Stories around my fantasy trilogy -
Breaking the Tranquillity of Solitude.A long read
After last week’s test read I’ve had quite a lot of positive feedback. I doubt if Jackanory will be phoning anytime soon but it was nice to hear that people found it “enthusiastic” and “compelling”, especially when it was not a particularly exciting passage. So at the risk of losing regulars I thought I’d push the boundaries a bit and go for a longer attempt. I hope you like it. Let me know any feedback as next week is my big day reading in front of authors from around the globe. It’s an opportunity to show case my literary work and get exposure in a peer pressure situation.
Here goes… Obviously you’ll need to
tune in to the VLOG to see/hear me read but here is the passage in its full glory.
Back in pod one, on his ‘one final test’ Brody believed wholeheartedly he was ready. As on all six hundred and sixty-five previous tests, regardless of minor resultant data conflict, he had always got one hundred percent categorical physical success.
Why then was he suddenly feeling sick to his stomach and reeling within the pod? Before he could answer this question or his gut could regurgitate his breakfast, he passed out cold and fell to the floor. An unknown period of time passed… He eventually awoke and got shakily to his feet.
The sweat was dripping from his brow as the mag-lock on the transportation pod door spun, finally clicked and the door slid back. A wave of emotion coursed through his system and he felt faint again as he realised he wasn’t back in his lab or even in the return pod where he should’ve been. He was still in pod one and it was the outside environment that seemed to have changed. This was a fact that contradicted all his understanding of the science he was trying to further. Both pods were bolted down to their earthing plates and so couldn’t move.
Brody, dazed, automatically tried to comfort himself with humour and spoke aloud with a mixture of sarcasm and worry.
“Did the Earth move for you, babe?” With nobody there to hear his jest, he couldn’t even muster a smile himself in response to his frivolous question and so stared blankly out of the pod. Neither his normal predilection for humour nor the habitual thinking about Charley were of any comfort now. He’d fallen head over heels the day they met but despaired at the chance of her ever reciprocating the feeling.
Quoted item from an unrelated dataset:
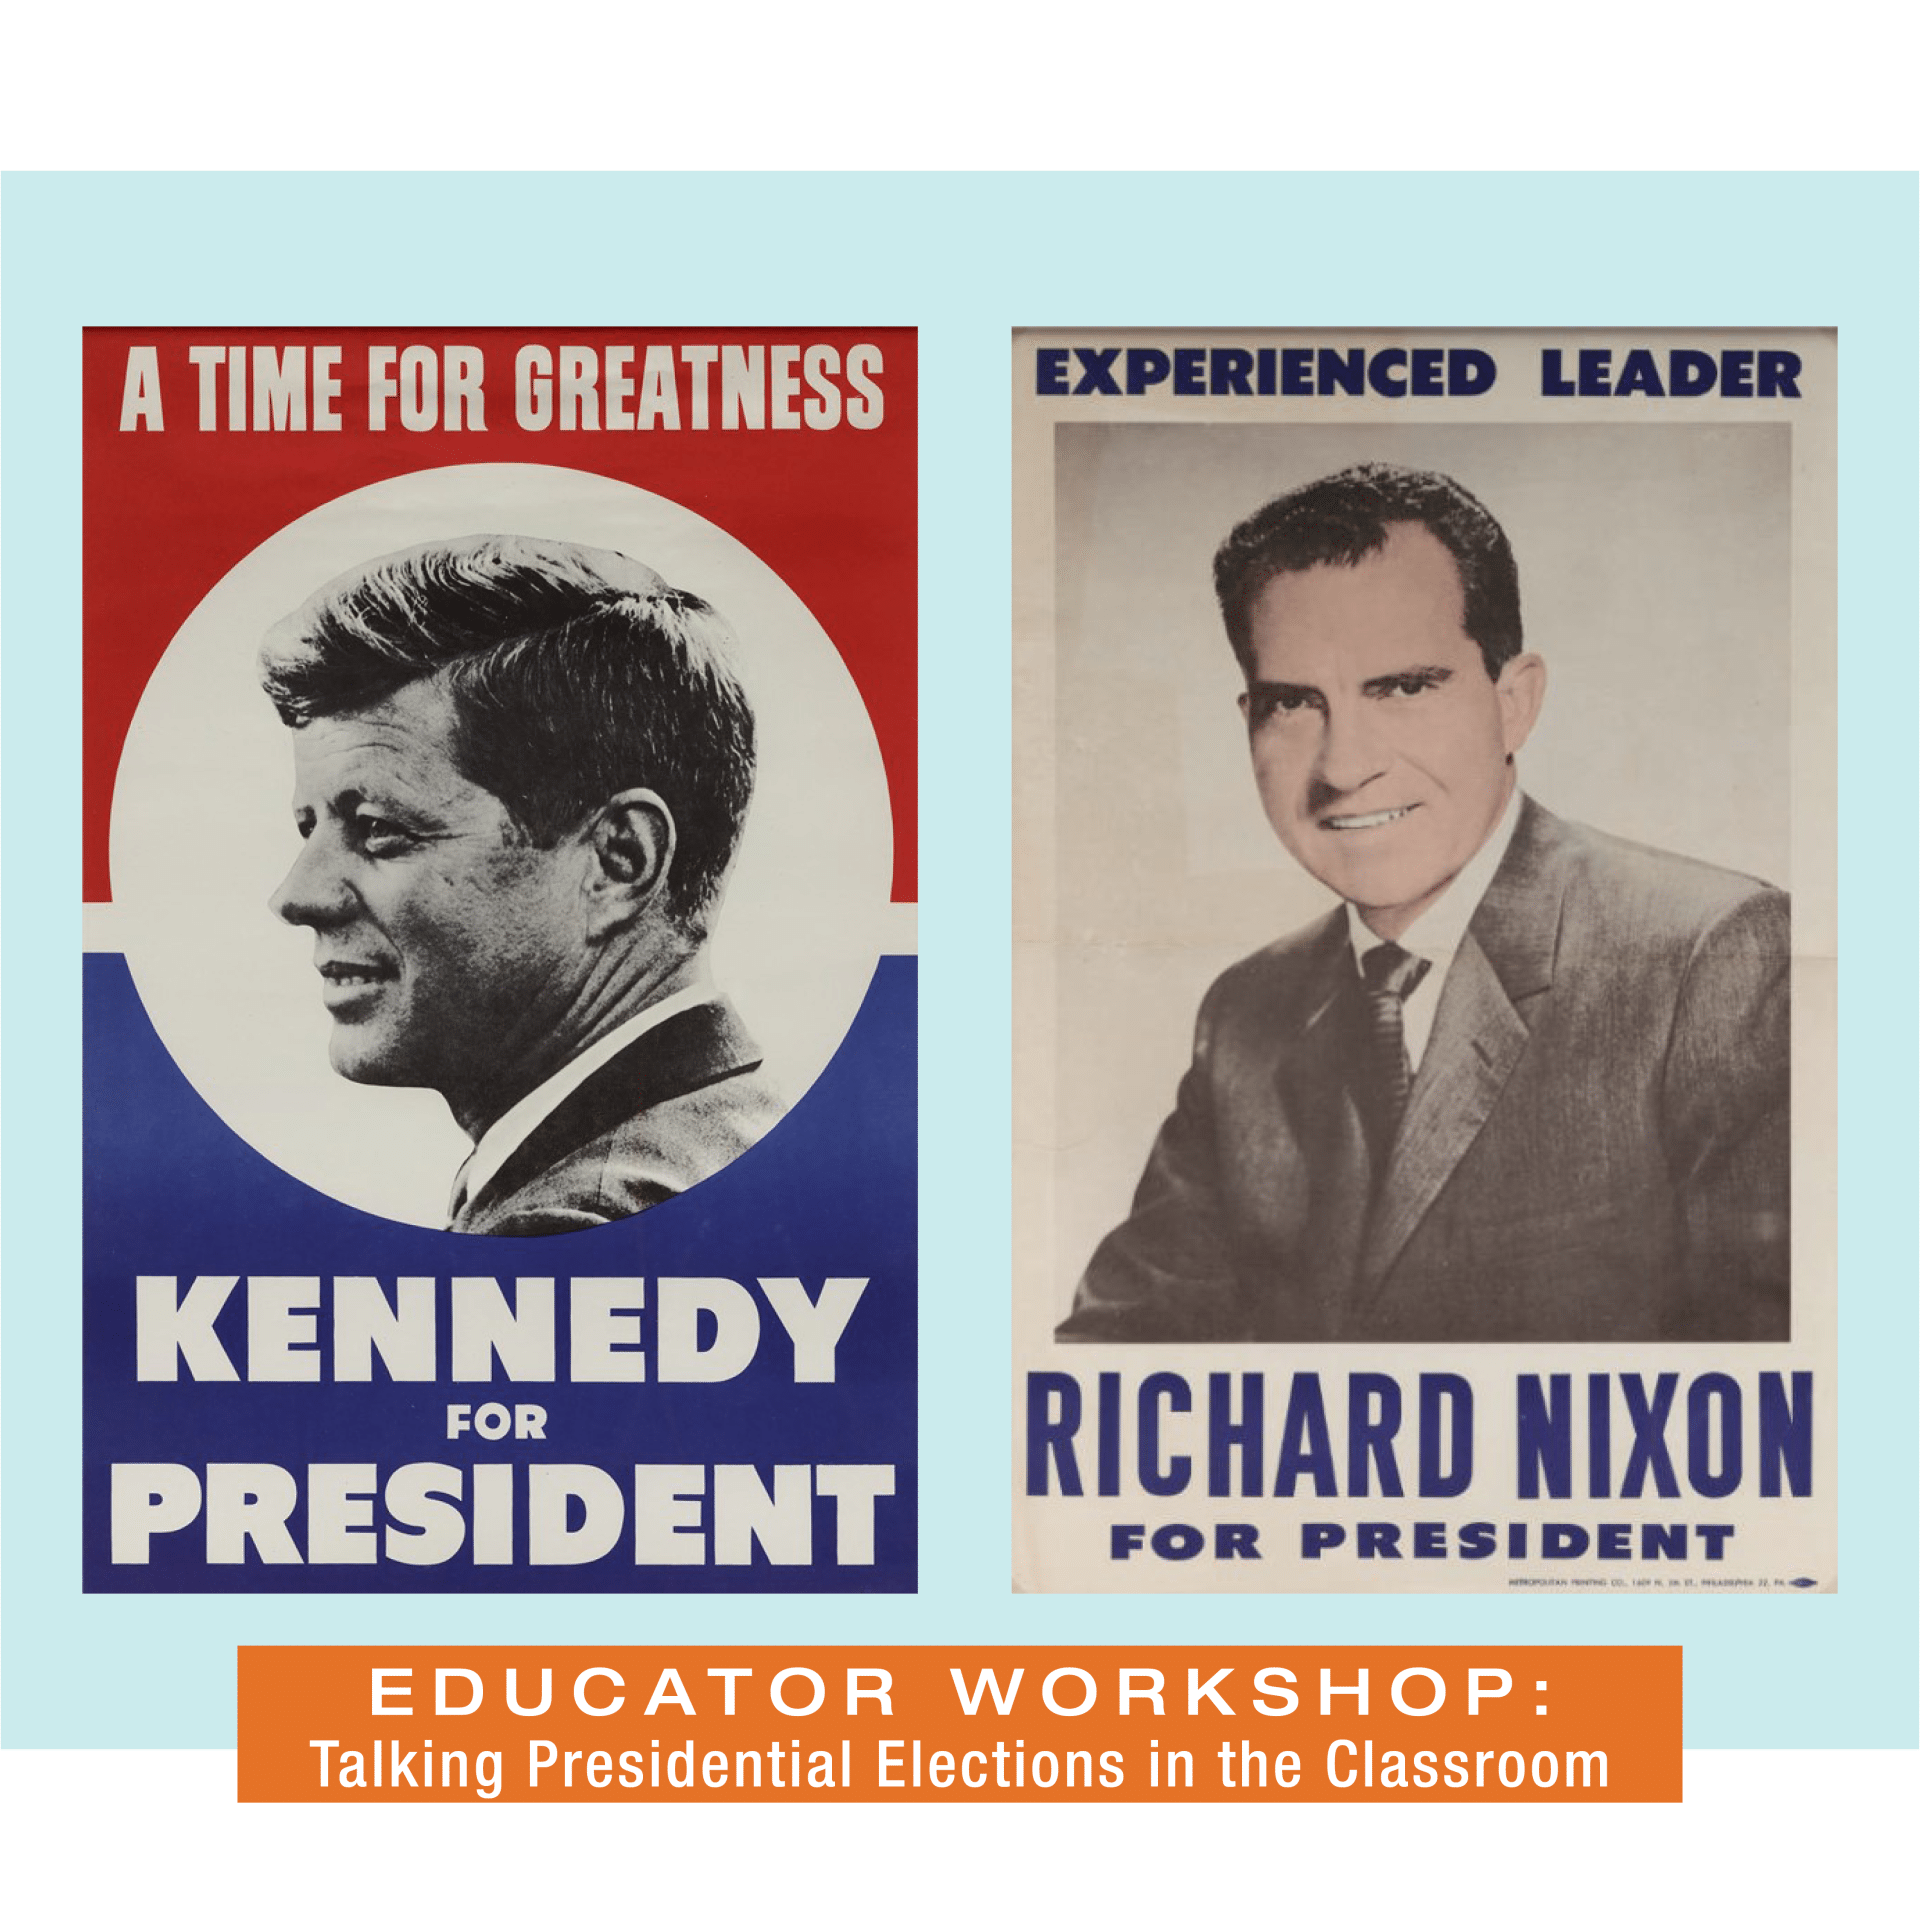 1960 election posters Kennedy and Nixon for professional development event

He heaved a huge sigh of ‘no going back now’ proportions, then very tentatively took his first Armstrong-esque small step out of the pod. He definitely wasn’t mentally prepared for the giant leap into the complete unknown that he was just about to take…
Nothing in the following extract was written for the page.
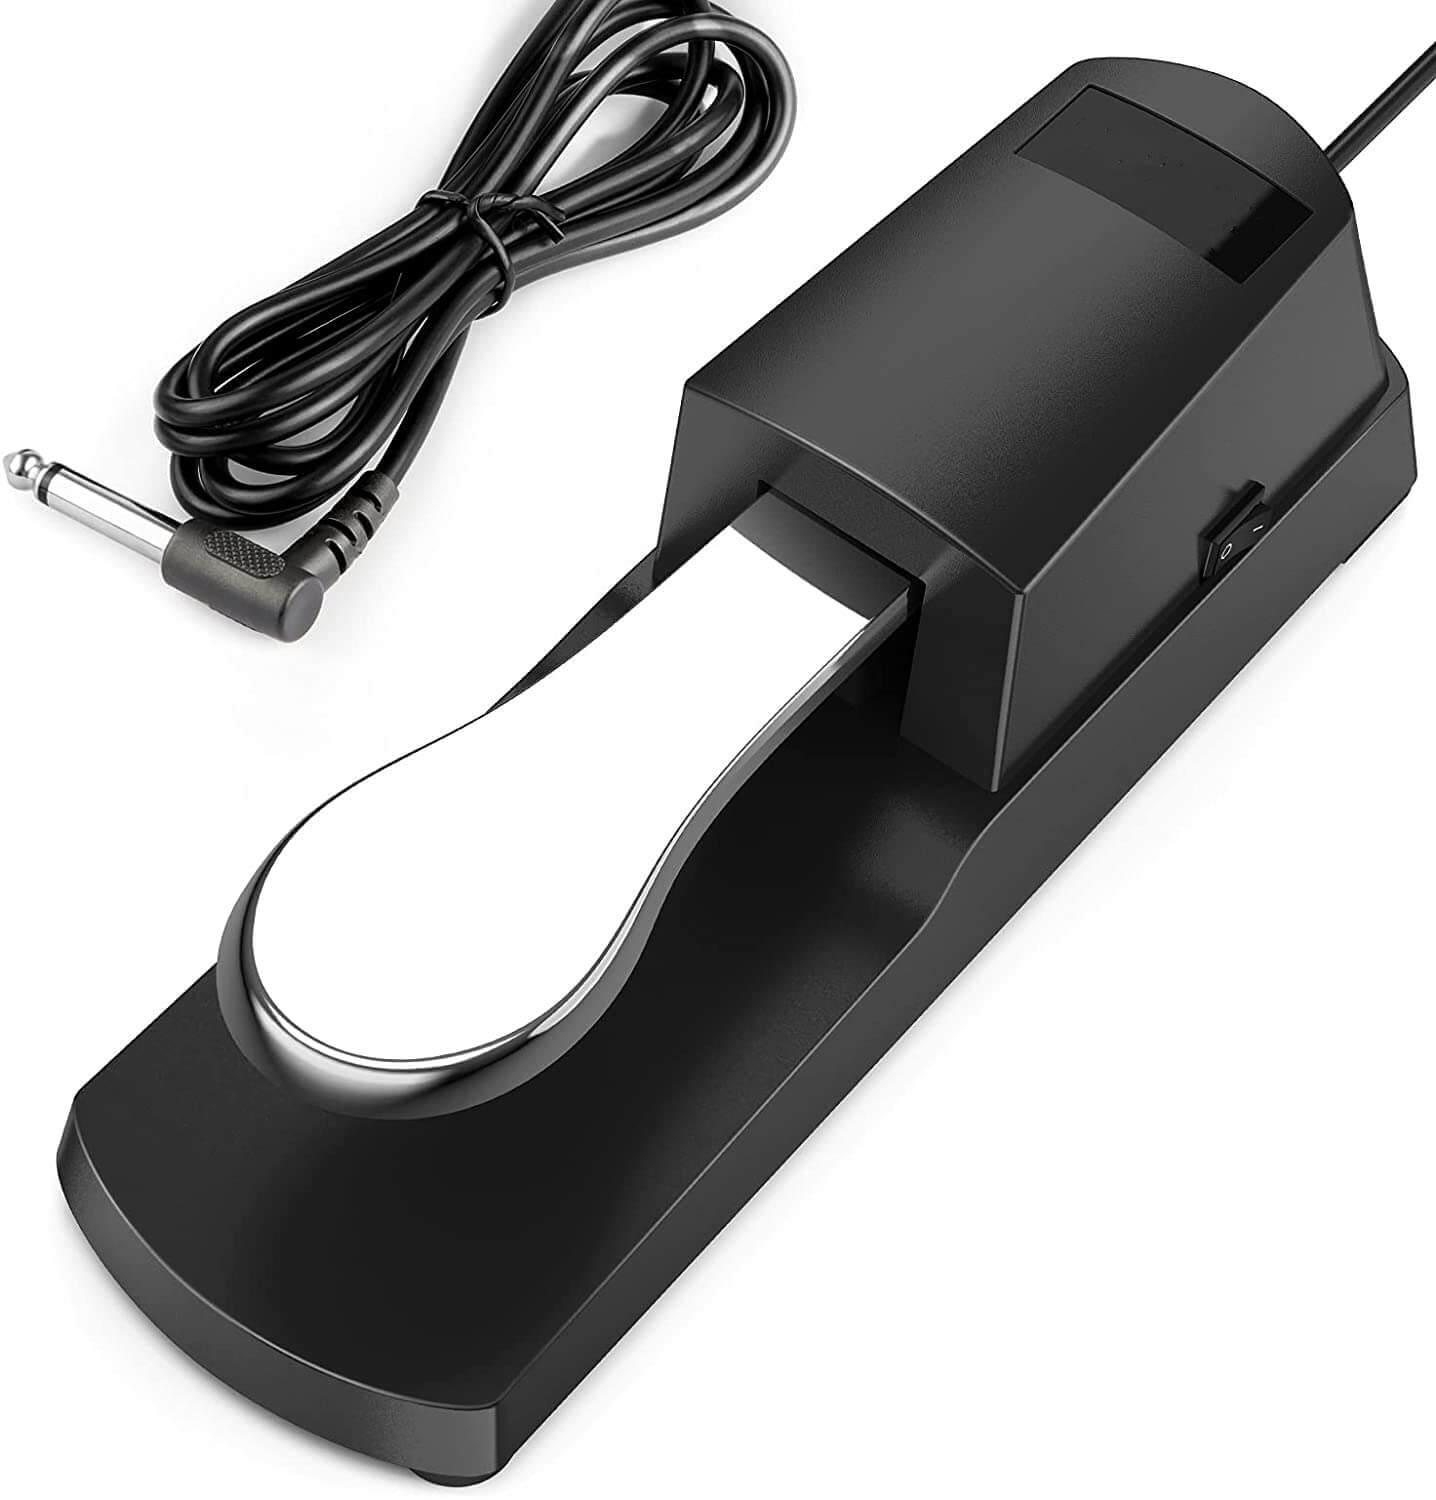 15 cm piano keyboard sustain pedal damper sustain foot pedal - GADGET WAGON Musical Instruments

Incredibly, what he now saw in front of him as he stepped outside of the pod was a wide beach scene with what looked like a huge Viking ship in the distance.
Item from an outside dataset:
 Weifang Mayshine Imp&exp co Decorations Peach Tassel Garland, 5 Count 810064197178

“What the f…?” he said it out loud, but his words trailed away to nothing.
Taking a moment or two to steady himself from the dizzy experience, he stepped cautiously further out. With his feet in casual loafers he sank into the crisp sugary sand.
‘It’s real’. The mere thought was astounding let alone the reality.
“It’s actually REAL!” His anxious thoughts spilled from his lips now but still he bent and touched the sand in disbelief, running his fingers through it like an excited child, a child at the seaside for the first time, having never seen the sea let alone a Viking ship. It wasn’t excitement he had felt though.
This was just not right. He knew only too well that he should, by rights, still be in his lab returning from a twenty-five second, two-billion-mile phased transportation that he had successfully completed so many times before.
‘What’s happened? What could possibly have gone wrong?’ As he started to try to compute the possibilities while thoughts were randomly jostling for position in his mind, he was promptly interrupted by the sound of the transportation pod door beginning to slide shut behind him. Letting go of all the computations, he turned to see the whole pod fading from vision, he desperately dived goalkeeper-like; clutching at the disintegrating image he grabbed only air as he landed firmly on the soft, warm sand where the pod had previously stood.